Overwegende, voorts dat eerder een voorlopige teruggaaf c.q. teruggaven tot een te hoog bedrag werd(en) verleend welke met genoemde vermindering dient c.q. dienen te worden verrekend.

Gelet op artikel 21, derde lid, van de Wet op de vennootschapsbelasting 1969;

Besluit tengevolge van de verrekening van de voorlopige teruggaaf/teruggaven, deze beschikking vast te stellen op het in de rubriek "verschil" vermelde bedrag. De inspecteur.

N.B. een eventueel bezwaarschrift tegen deze beschikking moet binnen de wettelijke termijn na dagtekening van deze beschikking ter post zijn bezorgd. U moet het bezwaarschrift indienen bij de op dit formulier genoemde inspecteur. Per saldo te betalen 185884"

3.2. Het Hof heeft geoordeeld dat bij de - hiervóór in 3.1.4 bedoelde - beschikking van 30 september 1992 is vastgesteld in hoeverre het verlies van het jaar 1990 met het jaar 1987 werd verrekend en dat belanghebbende na verrekening van de voorlopige teruggaaf over het jaar 1987 ƒ 185.884,-- verschuldigd was.

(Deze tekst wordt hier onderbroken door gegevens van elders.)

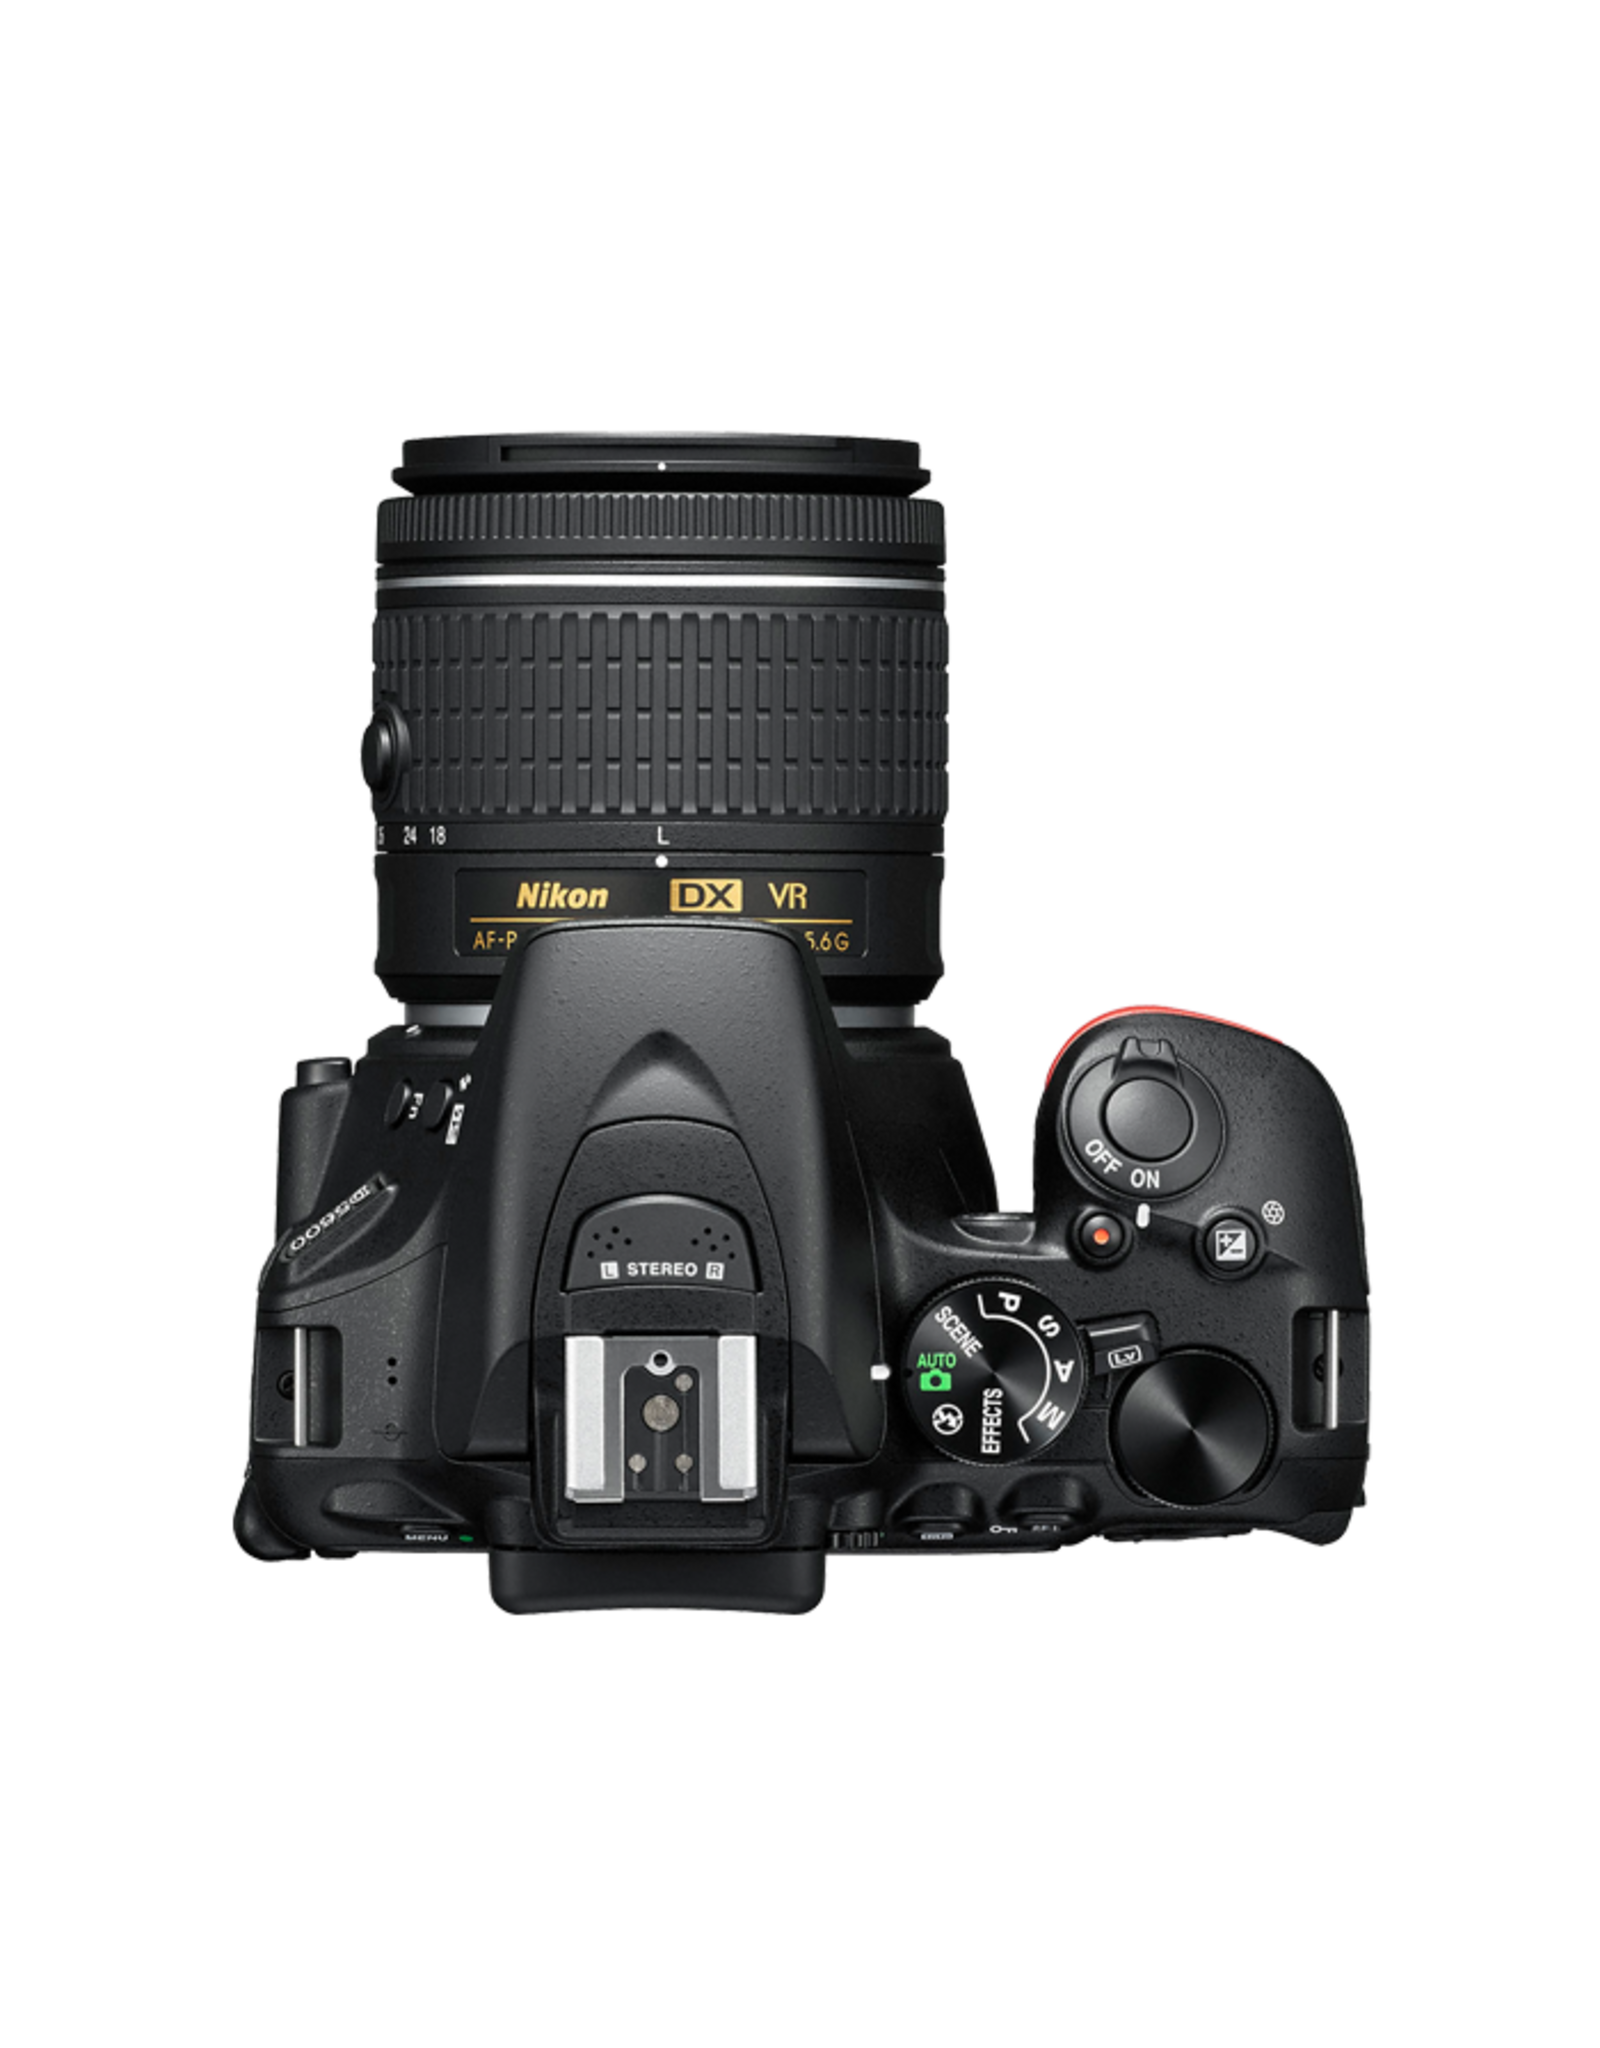 Nikon Nikon D5600 DSLR Camera with 18-55mm Lens (Black)

Bij het geven van dit oordeel, dat als van feitelijke aard en niet onbegrijpelijk in cassatie niet met vrucht kan worden bestreden, is het Hof kennelijk - en terecht - ervan uitgegaan dat evenvermelde beschikking is aan te merken als een beschikking in de zin van artikel 21, lid 1, van de Wet op de vennootschapsbelasting 1969, zodat belanghebbende daartegen op de voet van lid 2 van dat artikel rechtsmiddelen had kunnen aanwenden. Mitsdien falen de middelen voor zover zij van een andere opvatting uitgaan.

3.3. Voor zover de middelen ten betoge strekken dat het Hof ten onrechte de onderhavige beschikking niet heeft vernietigd, treffen zij evenwel doel. Gelijk in de hiervóór in 3.2 genoemde beschikking van 30 september 1992 is vastgesteld, is immers ook in de onderhavige beschikking vastgesteld dat belanghebbende - in het kader van de terugwenteling van het verlies over het jaar 1990 naar het jaar 1987 - na verrekening van de voorlopige teruggaaf over het jaar 1987 een bedrag van ƒ 185.884,-- is verschuldigd. Belanghebbende is echter niet ten tweede male dit zelfde bedrag, op dezelfde grond, verschuldigd geworden, zodat de litigieuze beschikking niet in stand kan blijven. 3.4. Uit het vorenoverwogene volgt dat het Hof ten onrechte in plaats van de onderhavige beschikking te vernietigen belanghebbende niet-ontvankelijk heeft verklaard in haar bezwaar. 's Hofs uitspraak kan mitsdien niet in stand blijven. De Hoge Raad kan zelf de zaak afdoen.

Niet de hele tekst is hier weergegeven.